What this task involves:
Those lines of the material below that fall between its first line and the line with "BMW I8 2015 - WBY2Z2C51FV674234", both included, are to be repeated exactly.

Provided records:
▬▬▬
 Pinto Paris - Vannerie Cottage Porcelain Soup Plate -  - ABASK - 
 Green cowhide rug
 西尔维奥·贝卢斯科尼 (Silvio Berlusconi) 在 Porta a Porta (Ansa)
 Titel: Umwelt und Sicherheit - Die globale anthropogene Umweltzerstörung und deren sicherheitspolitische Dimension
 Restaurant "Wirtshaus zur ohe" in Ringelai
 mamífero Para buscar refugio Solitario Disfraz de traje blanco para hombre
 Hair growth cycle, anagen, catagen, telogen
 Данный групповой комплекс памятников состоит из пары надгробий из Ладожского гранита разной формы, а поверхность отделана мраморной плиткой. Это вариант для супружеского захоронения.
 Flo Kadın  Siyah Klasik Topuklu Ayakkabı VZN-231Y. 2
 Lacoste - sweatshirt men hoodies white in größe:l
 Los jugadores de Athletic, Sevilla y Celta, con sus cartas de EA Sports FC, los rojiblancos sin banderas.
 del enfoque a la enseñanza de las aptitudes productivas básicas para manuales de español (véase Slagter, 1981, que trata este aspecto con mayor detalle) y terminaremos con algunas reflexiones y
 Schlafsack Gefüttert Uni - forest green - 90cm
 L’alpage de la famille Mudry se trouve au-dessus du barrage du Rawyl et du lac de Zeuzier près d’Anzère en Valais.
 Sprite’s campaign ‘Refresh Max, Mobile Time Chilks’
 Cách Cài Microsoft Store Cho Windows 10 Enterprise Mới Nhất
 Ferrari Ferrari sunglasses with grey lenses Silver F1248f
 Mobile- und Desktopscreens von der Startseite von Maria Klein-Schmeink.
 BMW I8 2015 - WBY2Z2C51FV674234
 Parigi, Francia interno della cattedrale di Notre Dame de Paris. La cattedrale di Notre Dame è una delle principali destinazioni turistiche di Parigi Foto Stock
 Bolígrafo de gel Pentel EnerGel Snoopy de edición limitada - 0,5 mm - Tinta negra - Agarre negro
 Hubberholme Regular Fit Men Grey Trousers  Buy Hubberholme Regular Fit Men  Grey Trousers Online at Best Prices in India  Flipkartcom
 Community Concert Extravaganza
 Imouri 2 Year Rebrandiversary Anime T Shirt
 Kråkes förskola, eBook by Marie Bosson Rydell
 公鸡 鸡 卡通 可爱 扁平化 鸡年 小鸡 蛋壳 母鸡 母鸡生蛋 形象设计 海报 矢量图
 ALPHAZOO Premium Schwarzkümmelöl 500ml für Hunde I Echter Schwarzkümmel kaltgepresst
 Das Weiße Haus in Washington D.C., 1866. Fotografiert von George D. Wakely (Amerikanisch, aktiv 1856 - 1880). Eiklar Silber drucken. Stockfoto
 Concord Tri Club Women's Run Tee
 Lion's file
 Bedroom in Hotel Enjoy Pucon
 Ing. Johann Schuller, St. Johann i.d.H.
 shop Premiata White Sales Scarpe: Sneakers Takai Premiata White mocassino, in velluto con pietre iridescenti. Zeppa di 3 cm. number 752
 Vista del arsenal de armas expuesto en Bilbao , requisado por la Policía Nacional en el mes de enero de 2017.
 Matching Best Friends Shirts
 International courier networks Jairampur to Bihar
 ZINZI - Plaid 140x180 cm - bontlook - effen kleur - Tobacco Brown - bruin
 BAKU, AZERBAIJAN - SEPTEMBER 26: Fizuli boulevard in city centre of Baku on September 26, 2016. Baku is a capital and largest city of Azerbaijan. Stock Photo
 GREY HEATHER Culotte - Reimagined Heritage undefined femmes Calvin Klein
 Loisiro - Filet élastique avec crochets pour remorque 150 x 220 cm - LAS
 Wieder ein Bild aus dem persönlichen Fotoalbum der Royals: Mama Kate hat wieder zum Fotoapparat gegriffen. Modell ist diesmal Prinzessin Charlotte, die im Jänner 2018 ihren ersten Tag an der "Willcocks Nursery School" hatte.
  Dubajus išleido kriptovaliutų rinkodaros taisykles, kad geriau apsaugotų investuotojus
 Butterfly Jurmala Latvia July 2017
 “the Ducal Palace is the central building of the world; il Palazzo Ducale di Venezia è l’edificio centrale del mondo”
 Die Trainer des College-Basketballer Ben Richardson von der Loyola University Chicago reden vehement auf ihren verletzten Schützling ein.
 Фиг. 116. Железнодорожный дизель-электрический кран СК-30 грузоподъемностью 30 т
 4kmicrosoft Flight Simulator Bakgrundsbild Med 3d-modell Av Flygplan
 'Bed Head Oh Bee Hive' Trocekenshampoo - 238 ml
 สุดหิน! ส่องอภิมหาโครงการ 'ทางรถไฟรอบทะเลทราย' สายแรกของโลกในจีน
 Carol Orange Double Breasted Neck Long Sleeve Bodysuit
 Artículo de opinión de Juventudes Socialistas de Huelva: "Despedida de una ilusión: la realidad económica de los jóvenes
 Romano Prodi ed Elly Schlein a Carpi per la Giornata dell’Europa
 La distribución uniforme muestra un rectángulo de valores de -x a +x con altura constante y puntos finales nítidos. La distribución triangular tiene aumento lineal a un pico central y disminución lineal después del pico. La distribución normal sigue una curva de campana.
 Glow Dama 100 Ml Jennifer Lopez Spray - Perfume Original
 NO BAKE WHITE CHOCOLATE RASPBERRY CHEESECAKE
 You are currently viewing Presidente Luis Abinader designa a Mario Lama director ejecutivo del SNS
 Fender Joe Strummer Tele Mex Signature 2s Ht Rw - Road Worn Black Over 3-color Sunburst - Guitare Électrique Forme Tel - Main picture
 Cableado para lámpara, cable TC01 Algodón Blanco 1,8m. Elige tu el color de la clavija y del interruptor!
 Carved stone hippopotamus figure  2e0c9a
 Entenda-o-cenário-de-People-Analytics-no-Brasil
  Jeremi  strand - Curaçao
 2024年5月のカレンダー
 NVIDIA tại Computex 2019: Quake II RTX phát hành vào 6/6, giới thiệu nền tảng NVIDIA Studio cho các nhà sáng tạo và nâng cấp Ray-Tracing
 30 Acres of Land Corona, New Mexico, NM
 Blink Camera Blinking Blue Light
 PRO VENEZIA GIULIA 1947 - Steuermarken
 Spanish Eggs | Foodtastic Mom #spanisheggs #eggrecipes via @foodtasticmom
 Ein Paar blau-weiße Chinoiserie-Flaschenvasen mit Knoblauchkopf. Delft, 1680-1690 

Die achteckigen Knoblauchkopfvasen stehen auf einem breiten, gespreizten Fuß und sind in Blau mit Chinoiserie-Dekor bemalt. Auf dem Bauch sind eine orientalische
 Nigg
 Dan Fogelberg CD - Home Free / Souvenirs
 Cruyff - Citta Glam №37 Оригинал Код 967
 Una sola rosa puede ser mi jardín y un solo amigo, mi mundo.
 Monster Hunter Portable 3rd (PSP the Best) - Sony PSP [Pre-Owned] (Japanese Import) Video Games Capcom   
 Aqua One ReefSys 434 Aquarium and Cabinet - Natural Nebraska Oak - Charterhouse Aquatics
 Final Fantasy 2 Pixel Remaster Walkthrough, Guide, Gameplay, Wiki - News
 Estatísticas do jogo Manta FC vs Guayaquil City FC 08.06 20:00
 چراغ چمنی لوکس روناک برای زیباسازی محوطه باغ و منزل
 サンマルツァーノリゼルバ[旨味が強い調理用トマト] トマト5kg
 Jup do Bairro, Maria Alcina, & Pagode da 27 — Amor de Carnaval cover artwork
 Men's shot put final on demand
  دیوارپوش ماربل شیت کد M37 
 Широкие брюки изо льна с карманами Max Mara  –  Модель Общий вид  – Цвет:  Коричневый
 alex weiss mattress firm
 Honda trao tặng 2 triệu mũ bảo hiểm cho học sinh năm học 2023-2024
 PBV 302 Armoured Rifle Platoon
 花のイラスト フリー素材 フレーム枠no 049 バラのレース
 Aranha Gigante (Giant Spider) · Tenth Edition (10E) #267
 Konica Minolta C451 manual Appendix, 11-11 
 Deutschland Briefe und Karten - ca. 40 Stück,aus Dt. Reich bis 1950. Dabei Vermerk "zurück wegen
▬▬▬
Result of this task:
 Pinto Paris - Vannerie Cottage Porcelain Soup Plate -  - ABASK - 
 Green cowhide rug
 西尔维奥·贝卢斯科尼 (Silvio Berlusconi) 在 Porta a Porta (Ansa)
 Titel: Umwelt und Sicherheit - Die globale anthropogene Umweltzerstörung und deren sicherheitspolitische Dimension
 Restaurant "Wirtshaus zur ohe" in Ringelai
 mamífero Para buscar refugio Solitario Disfraz de traje blanco para hombre
 Hair growth cycle, anagen, catagen, telogen
 Данный групповой комплекс памятников состоит из пары надгробий из Ладожского гранита разной формы, а поверхность отделана мраморной плиткой. Это вариант для супружеского захоронения.
 Flo Kadın  Siyah Klasik Topuklu Ayakkabı VZN-231Y. 2
 Lacoste - sweatshirt men hoodies white in größe:l
 Los jugadores de Athletic, Sevilla y Celta, con sus cartas de EA Sports FC, los rojiblancos sin banderas.
 del enfoque a la enseñanza de las aptitudes productivas básicas para manuales de español (véase Slagter, 1981, que trata este aspecto con mayor detalle) y terminaremos con algunas reflexiones y
 Schlafsack Gefüttert Uni - forest green - 90cm
 L’alpage de la famille Mudry se trouve au-dessus du barrage du Rawyl et du lac de Zeuzier près d’Anzère en Valais.
 Sprite’s campaign ‘Refresh Max, Mobile Time Chilks’
 Cách Cài Microsoft Store Cho Windows 10 Enterprise Mới Nhất
 Ferrari Ferrari sunglasses with grey lenses Silver F1248f
 Mobile- und Desktopscreens von der Startseite von Maria Klein-Schmeink.
 BMW I8 2015 - WBY2Z2C51FV674234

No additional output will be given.